Exercise requirements
Looking at the entries below, how many lines include the word "Stockfoto"? Answer with the number alone.
**** Entries shown
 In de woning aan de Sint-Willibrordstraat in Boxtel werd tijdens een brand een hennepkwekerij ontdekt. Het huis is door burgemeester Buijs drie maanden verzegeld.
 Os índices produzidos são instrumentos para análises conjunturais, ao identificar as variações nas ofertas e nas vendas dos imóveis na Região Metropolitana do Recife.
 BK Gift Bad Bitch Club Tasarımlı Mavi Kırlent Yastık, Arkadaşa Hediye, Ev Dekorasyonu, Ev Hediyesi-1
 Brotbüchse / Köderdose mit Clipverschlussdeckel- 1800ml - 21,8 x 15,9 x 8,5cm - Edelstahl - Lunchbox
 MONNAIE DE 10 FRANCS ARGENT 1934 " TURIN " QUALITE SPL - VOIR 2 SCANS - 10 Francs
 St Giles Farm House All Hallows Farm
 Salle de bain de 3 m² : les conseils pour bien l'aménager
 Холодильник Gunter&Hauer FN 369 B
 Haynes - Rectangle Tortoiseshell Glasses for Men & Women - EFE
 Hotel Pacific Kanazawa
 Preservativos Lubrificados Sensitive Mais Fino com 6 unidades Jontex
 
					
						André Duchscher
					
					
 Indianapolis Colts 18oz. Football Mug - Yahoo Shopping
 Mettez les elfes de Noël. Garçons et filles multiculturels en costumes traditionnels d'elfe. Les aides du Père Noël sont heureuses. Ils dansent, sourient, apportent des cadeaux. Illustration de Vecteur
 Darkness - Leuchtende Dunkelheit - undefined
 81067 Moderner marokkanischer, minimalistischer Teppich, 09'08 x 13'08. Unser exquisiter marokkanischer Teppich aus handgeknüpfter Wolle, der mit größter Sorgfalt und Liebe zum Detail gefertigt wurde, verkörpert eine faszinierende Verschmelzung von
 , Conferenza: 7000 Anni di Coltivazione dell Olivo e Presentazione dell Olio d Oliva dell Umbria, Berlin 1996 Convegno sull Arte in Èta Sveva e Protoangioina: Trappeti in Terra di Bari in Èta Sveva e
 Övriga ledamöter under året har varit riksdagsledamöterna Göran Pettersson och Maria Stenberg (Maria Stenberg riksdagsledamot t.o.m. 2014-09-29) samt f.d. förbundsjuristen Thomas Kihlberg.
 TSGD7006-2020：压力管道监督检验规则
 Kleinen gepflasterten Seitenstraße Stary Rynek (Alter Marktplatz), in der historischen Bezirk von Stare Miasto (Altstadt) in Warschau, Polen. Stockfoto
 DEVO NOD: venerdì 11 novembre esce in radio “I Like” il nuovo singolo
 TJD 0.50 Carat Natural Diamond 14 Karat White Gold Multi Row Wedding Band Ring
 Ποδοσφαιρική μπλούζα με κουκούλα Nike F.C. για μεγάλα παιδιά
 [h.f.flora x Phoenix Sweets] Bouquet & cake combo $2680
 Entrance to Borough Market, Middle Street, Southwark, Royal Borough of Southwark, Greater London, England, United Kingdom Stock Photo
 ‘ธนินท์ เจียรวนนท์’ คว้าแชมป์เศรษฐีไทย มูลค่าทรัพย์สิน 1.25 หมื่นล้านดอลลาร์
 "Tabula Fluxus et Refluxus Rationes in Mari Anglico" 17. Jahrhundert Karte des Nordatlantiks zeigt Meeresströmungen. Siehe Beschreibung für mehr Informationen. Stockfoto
********
The completed task
2